At first the Koup Bridge seemed to be on the perpendicular wall before her, but as she walked the ground flattened out, and she saw the bridge and the round wall beyond it not from above in Egyptian perspective but sideways, straight ahead of her. The fields on this side of the stream were flooded. Dark gray tentacles sprouted up out of the water. She went to the edge of a paddy. The water was only four inches deep. Under it the soil was covered in layers of dark cloth. The vines were leafless, mottled gray.

She went over the bridge. The slats of the round scaffolding reached higher than her head. The grass around it was trampled flat. The yellow roots showed. She walked around the circular building, searching for a way in. A pile of dark gray plastiment bricks and long strips lay in the grass on the side of the building away from the stream, before a gap in the circular wall. She went into the round building.

Saba and Tanuojin were walking along the inside of the curve. Tanuojin was pointing off across the building and talking, but Saba saw her, elbowed him to be quiet, and they turned and watched her come up to them. Saba waved one hand at the building.

“Look at this theater he’s building with the money you got for him. He hasn’t even thanked you, has he?”

“She’s getting what she wants.” Tanuojin slid his hands under his belt, looking down at her. Uneasily she wondered again how much he knew of her conversation in the White Market with Dick Bunker.

“He says you have some idea we can use this subpoena against Machou.” Saba’s hand on her shoulder steered her across the hard-packed dirt toward the opening in the curved wall. Tanuojin went ahead of them through the gap. He looked back over his shoulder at her, his eyes yellow as bile. He knew everything. Saba shook her. “Tell me.”

She shrugged against his grip, and he let her go. They went out of the theater. Tanuojin was some way ahead of them. She said, “They have no case against you on any of those counts except the one. You’ll make them look very stupid, if you go down there and prove it.”

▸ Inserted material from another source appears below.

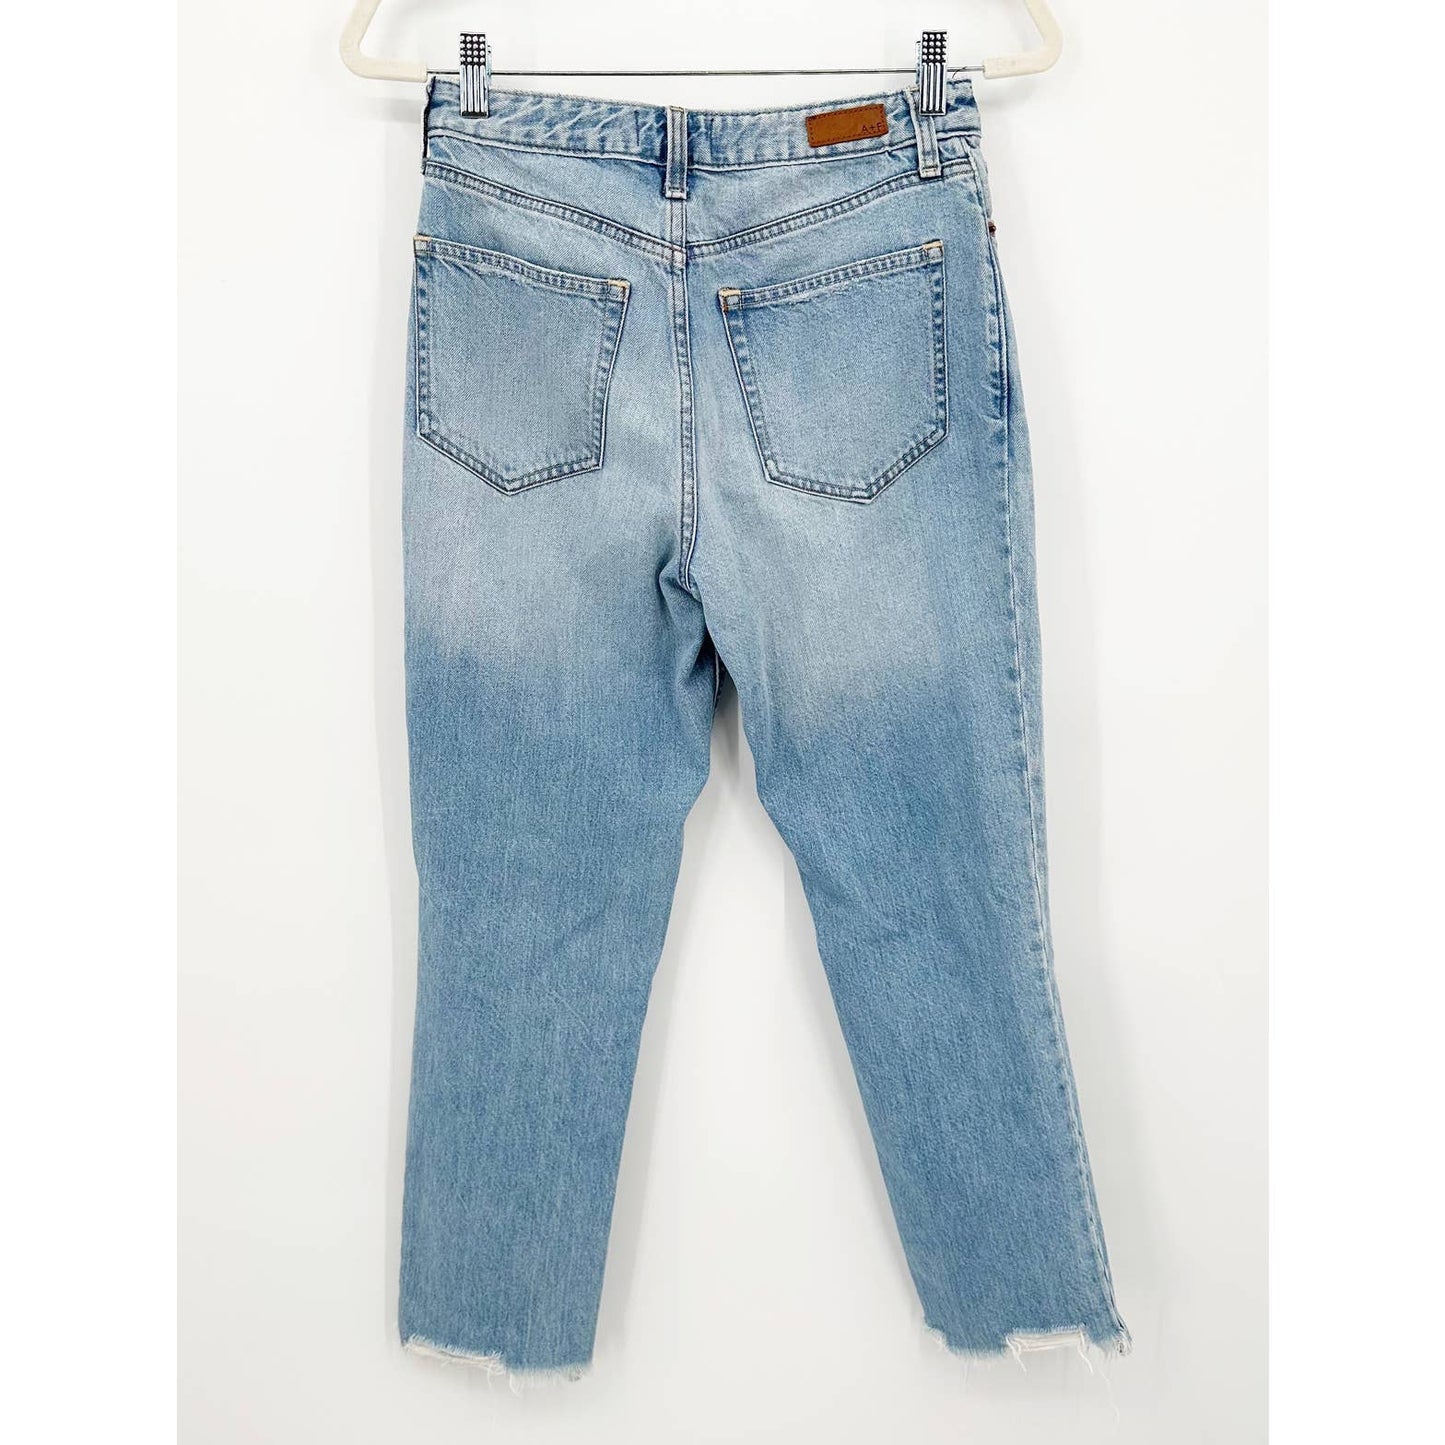 Abercrombie & Fitch Annie Girlfriend High Rise Distressed Jeans 2

“How does that help me against Machou?”

“Machou can’t deal with the Middle Planets. Show you can, and who will the others listen to, you or Machou?”

On the far side of the bridge, Tanuojin stopped beside a paddy, sank down on his heels, and thrust his hand into the water. She slowed her walk. Saba was staring at the ground in front of him. He fell to her pace.

“Jesus, you talk well.” He thrust his head up, toward Tanuojin, on the far side of the bridge. “He wants to do it. Not for your reasons. He’s afraid of losing that money. Did you guess that, too? I don’t trust you, Paula, you’re running me again, like at the Nineveh.”

She led him onto the bridge. If Tanuojin wanted to go, he could talk Saba into it. “What are those vines?”

“Rellah vines.” He went down the slope of the bridge to the paddy. Kneeling, he pulled the end of a vine out of the water. He pierced the thick dark skin with one claw and pressed his thumbs on either side of the wound. A trace of pale sap oozed out. “When they mature, they’re transplanted into a dry bed and staked up, and a tube is grafted into the body to tap off the gul. The milk. Most of the plastic in Styth is made out of rellah gul.”

“What’s the cloth for?” She pointed through the standing water.